Jet cleaning devices are used to remove materials from surfaces either in preparation for the application of a coating or as part of routine maintenance. These devices are often used to remove coatings such as paints, primers, and varnishes from common substrate materials such as steel, aluminum or concrete. There are numerous well known applications for jet cleaning devices in the manufacture and maintenance of aircraft, automobiles, ships, pipes, buildings, bridges, storage tanks, structures, etc.
In general, jet cleaning devices are comprised of one or more pumps which supply a jet of liquid, generally water, at high pressure, to the surface to be cleaned. The high pressure liquid is directed at the surface to be cleaned through one or more nozzle devices which produce a jet or jets which are guided along the surface to be cleaned. In the prior art, the jet producing device is generally mounted to, or part of, a hand held device such as a jetting gun or lance.

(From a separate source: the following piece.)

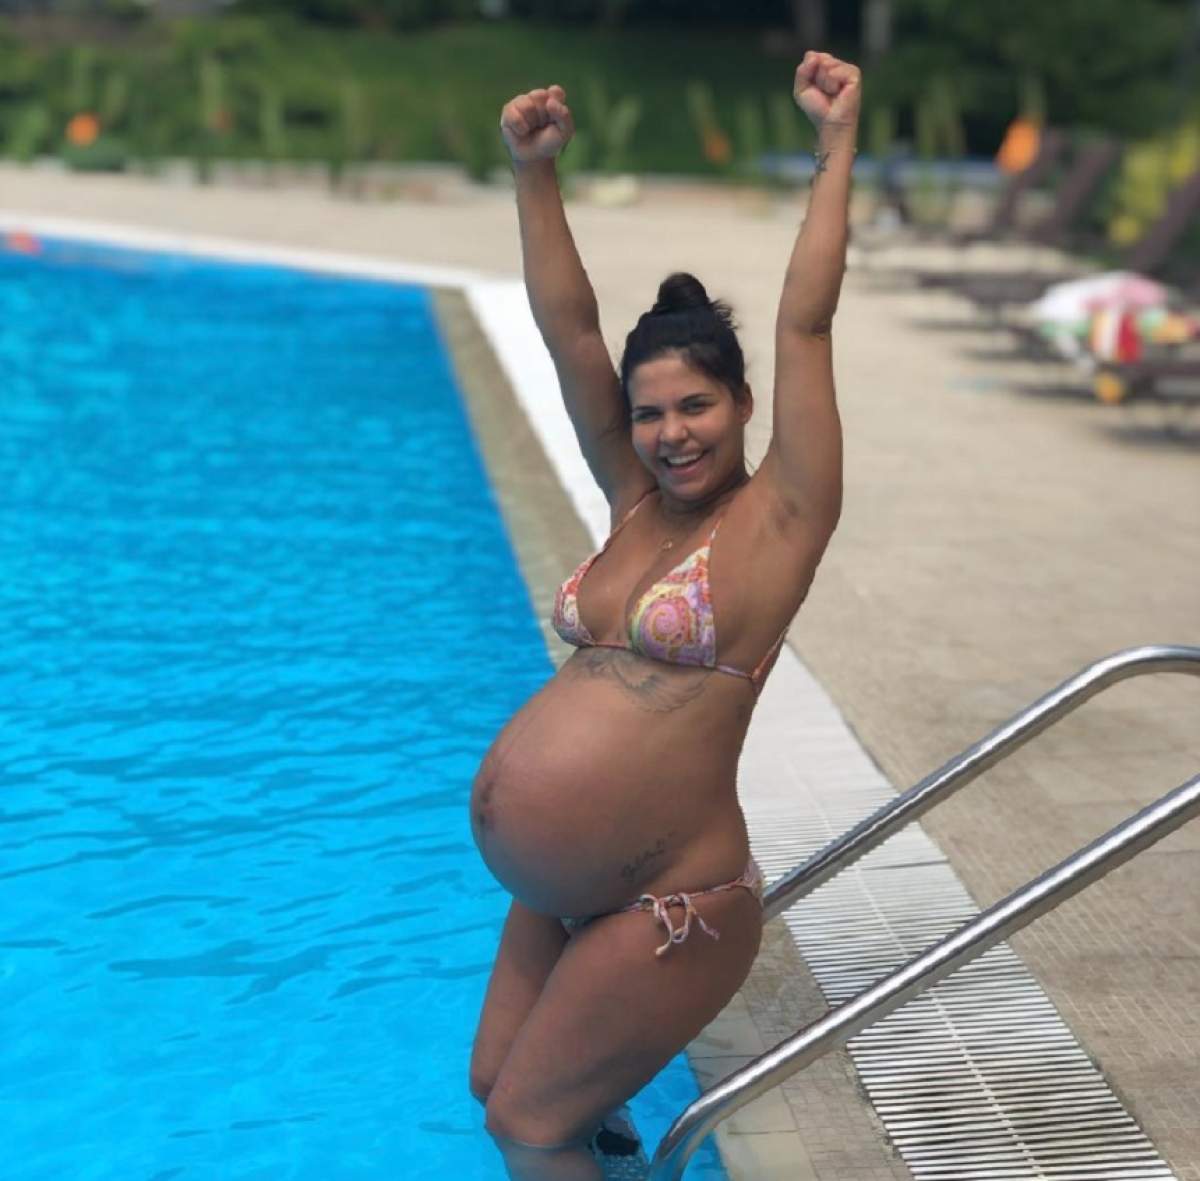 VIDEO / Andreea Popescu, fosta dansatoare a Deliei, activă şi în ultimele zile de sarcină! S-a distrat pe cinste la piscină

In some cases, multiple nozzle devices are rotated by the force of the jet stream or by a drive assembly in order to clean a larger surface area than would be cleaned by a single jet stream. The weight and/or thrust produced by larger rotational multiple nozzle devices prevents utilization in a hand held format.
The efficiencies of the prior art devices are dependent upon several well known factors. In order to obtain optimum cleaning or coatings removal efficiencies, the distance from the jet producing nozzle(s) to the surface to be cleaned (known as stand-off distance) must be closely controlled. Also, in order to obtain optimum cleaning or coatings removal efficiencies, the speed at which the jet producing nozzles are guided along the surface to be cleaned (known as nozzle pass rate) must be closely controlled. The prior art devices are limited in their ability to control the standoff distance and the rate at which the jet producing nozzles are moved along the surface to be cleaned.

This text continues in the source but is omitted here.